In recent years with the advent of cloud computing, the UCaaS market has evolved. Vendors like Cisco with WebEx, GoTo Meeting, Intercall and PGI offer cloud and application-based platforms in which organizations don’t have to install hardware and software packages to run UC systems.

“It’s a market that’s continually in transition,” says Bern Elliot, distinguished analyst at Gartner who tracks the UC industry. Gartner estimates the cloud-based UC market was $12 billion in 2016, growing at 15% to $22 billion in 2020.

But Elliot says Amazon’s entrance into the UCaaS market should also be viewed in a larger context. In the broader cloud market, two of Amazon’s biggest competitors are Microsoft and Google, both of whom have strong offerings across not only infrastructure as a service, but enterprise applications as well. Microsoft has Office 365 and Google has its G Suite of work apps. In the UC space, Microsoft has Skype for Business and Google has Hangouts. Amazon before Chime did not have a competing UC offering.

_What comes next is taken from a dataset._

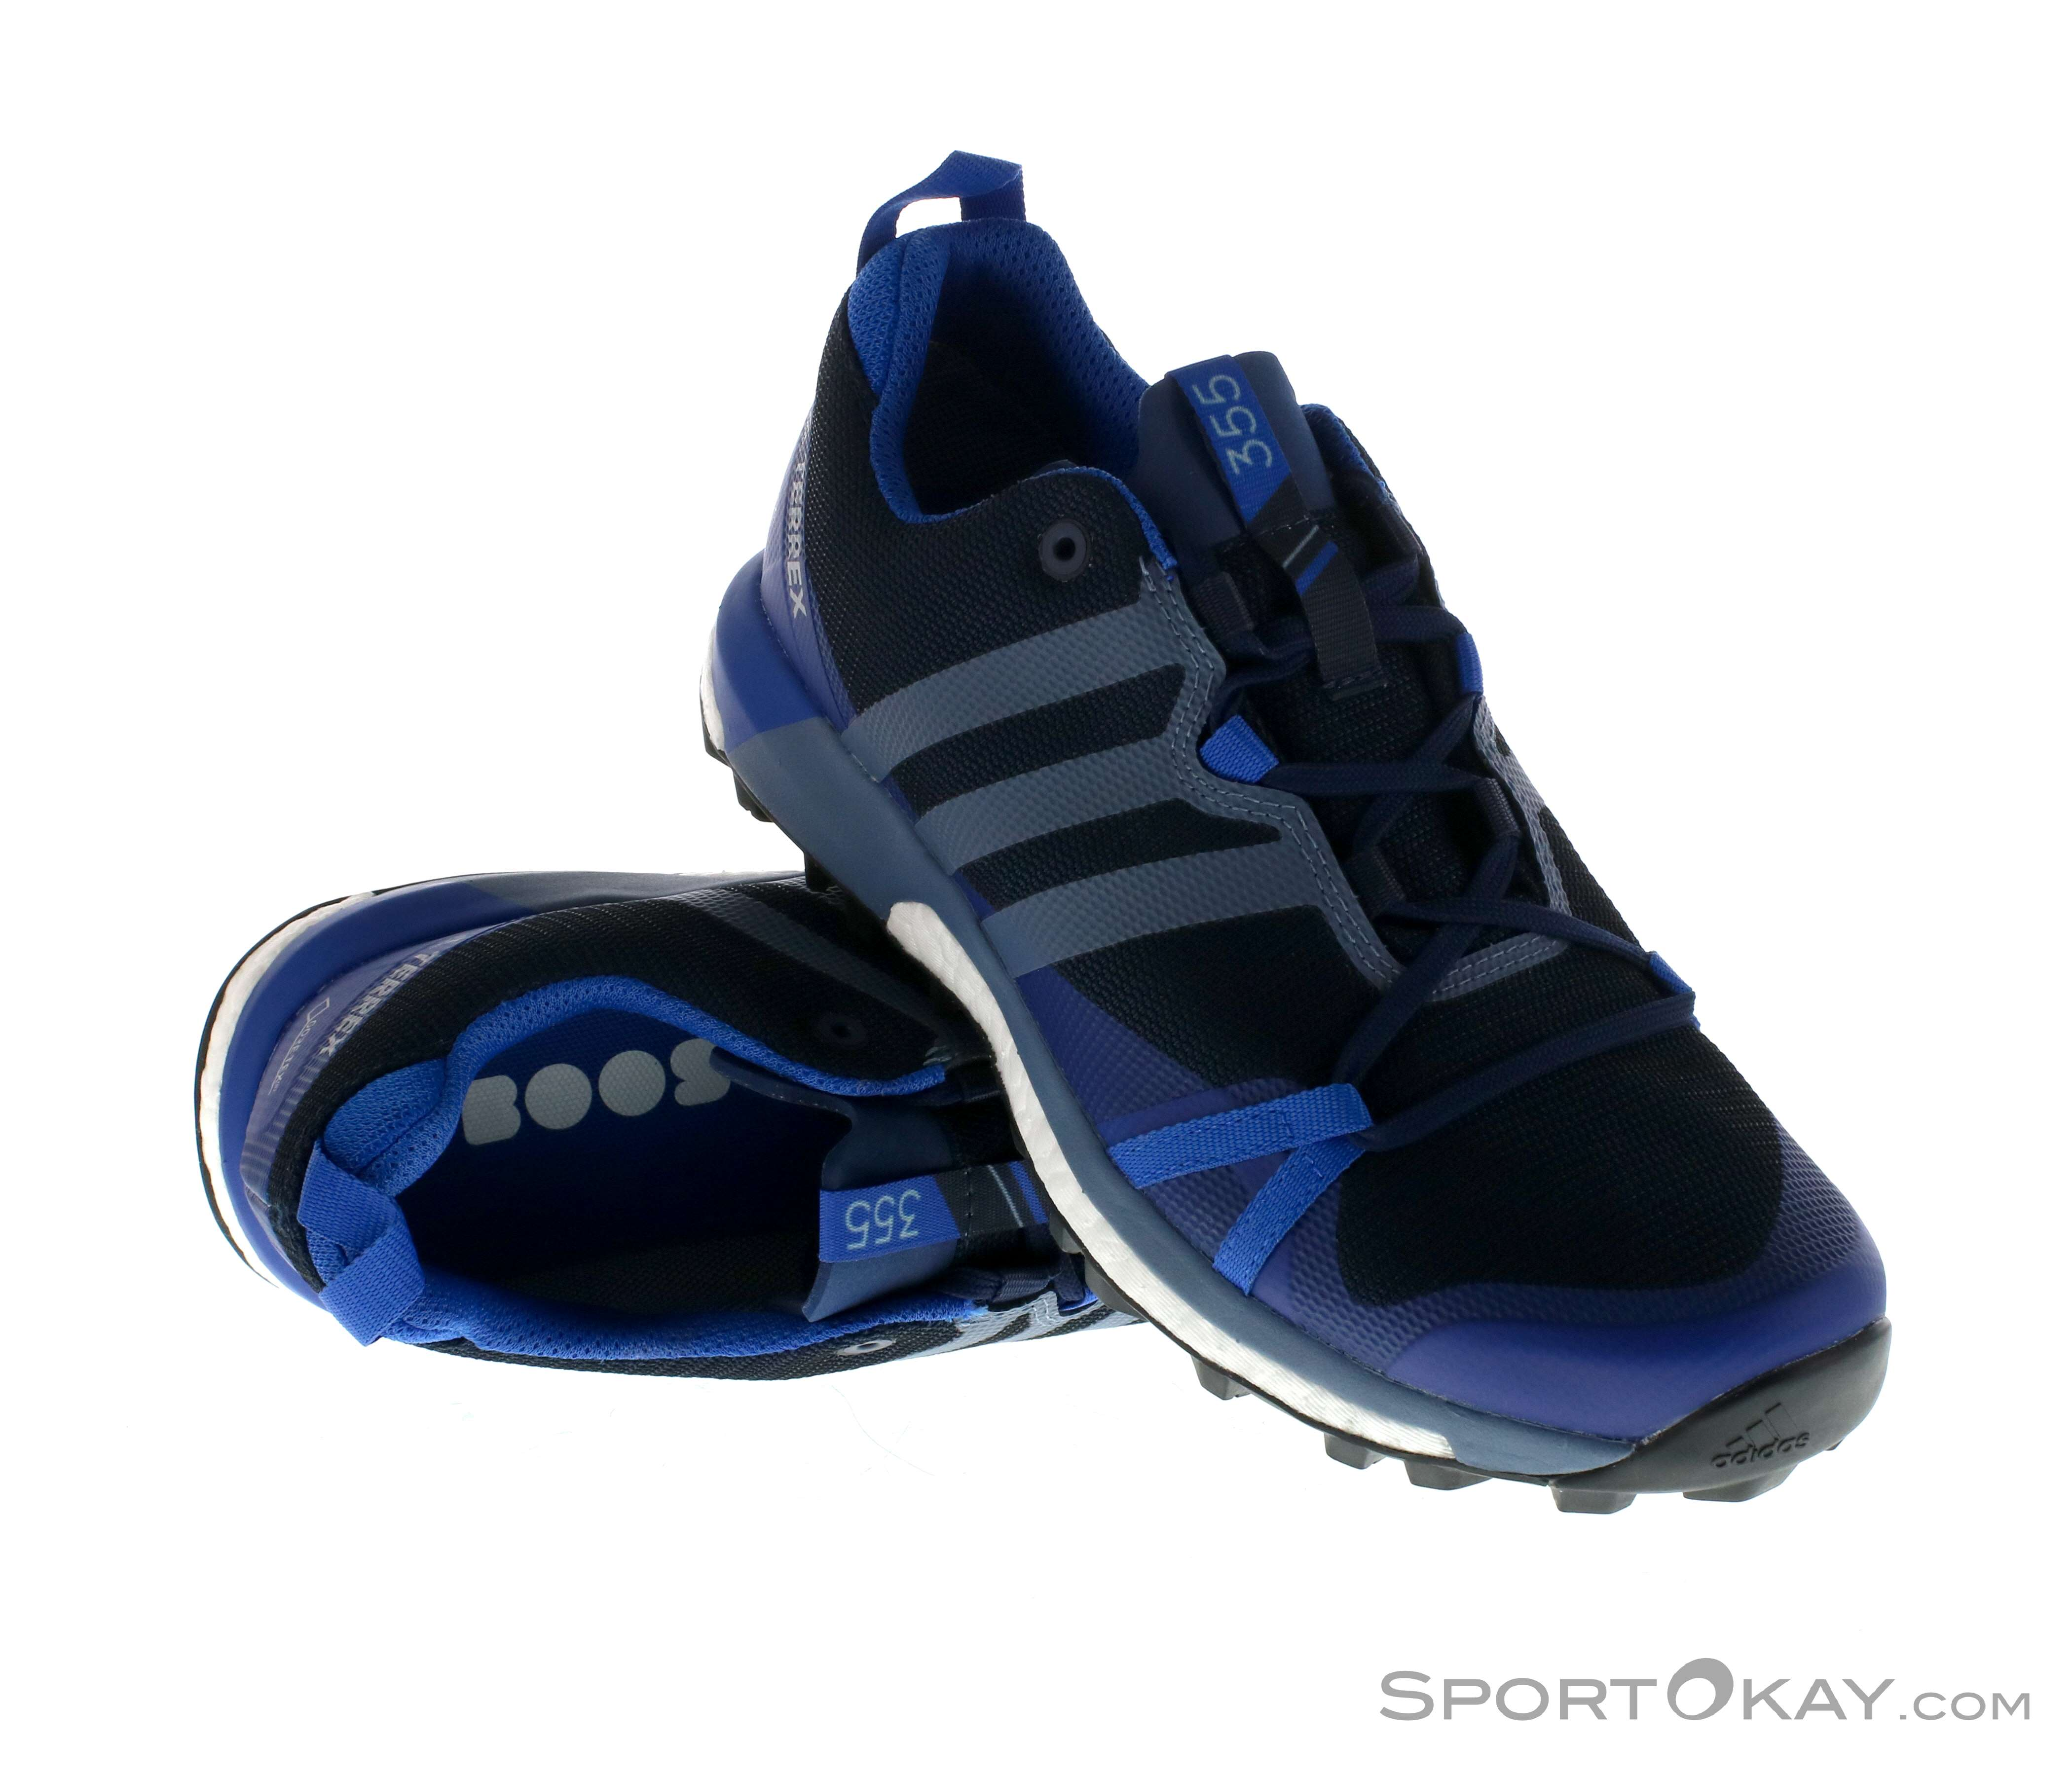 b938ae6fc9 adidas Terrex Agravic GTX Mens Trail Running Shoes Gore-Tex, adidas, Blue,

Chime is the latest in a series of enterprise applications offerings rolled out by Amazon in recent years. Amazon WorkDocs is a file storing and sharing service (competitive with Microsoft OneDrive and Google Drive). WorkSpaces is a virtual desktop offering, and WorkMail is an email and calendaring application.

“Amazon is slowly amassing a digital workplace portfolio,” Elliot says, adding that Amazon’s enterprise application offerings aren’t nearly as well known or established as Microsoft or Google’s, yet.

“If you take the long view, which Amazon certainly does, they want to position themselves as a broader enterprise partner and be able to talk to customers not only about their infrastructure, but applications too,” Elliot explains. “Microsoft and Google can have those conversations, and Amazon would like to be able to too.”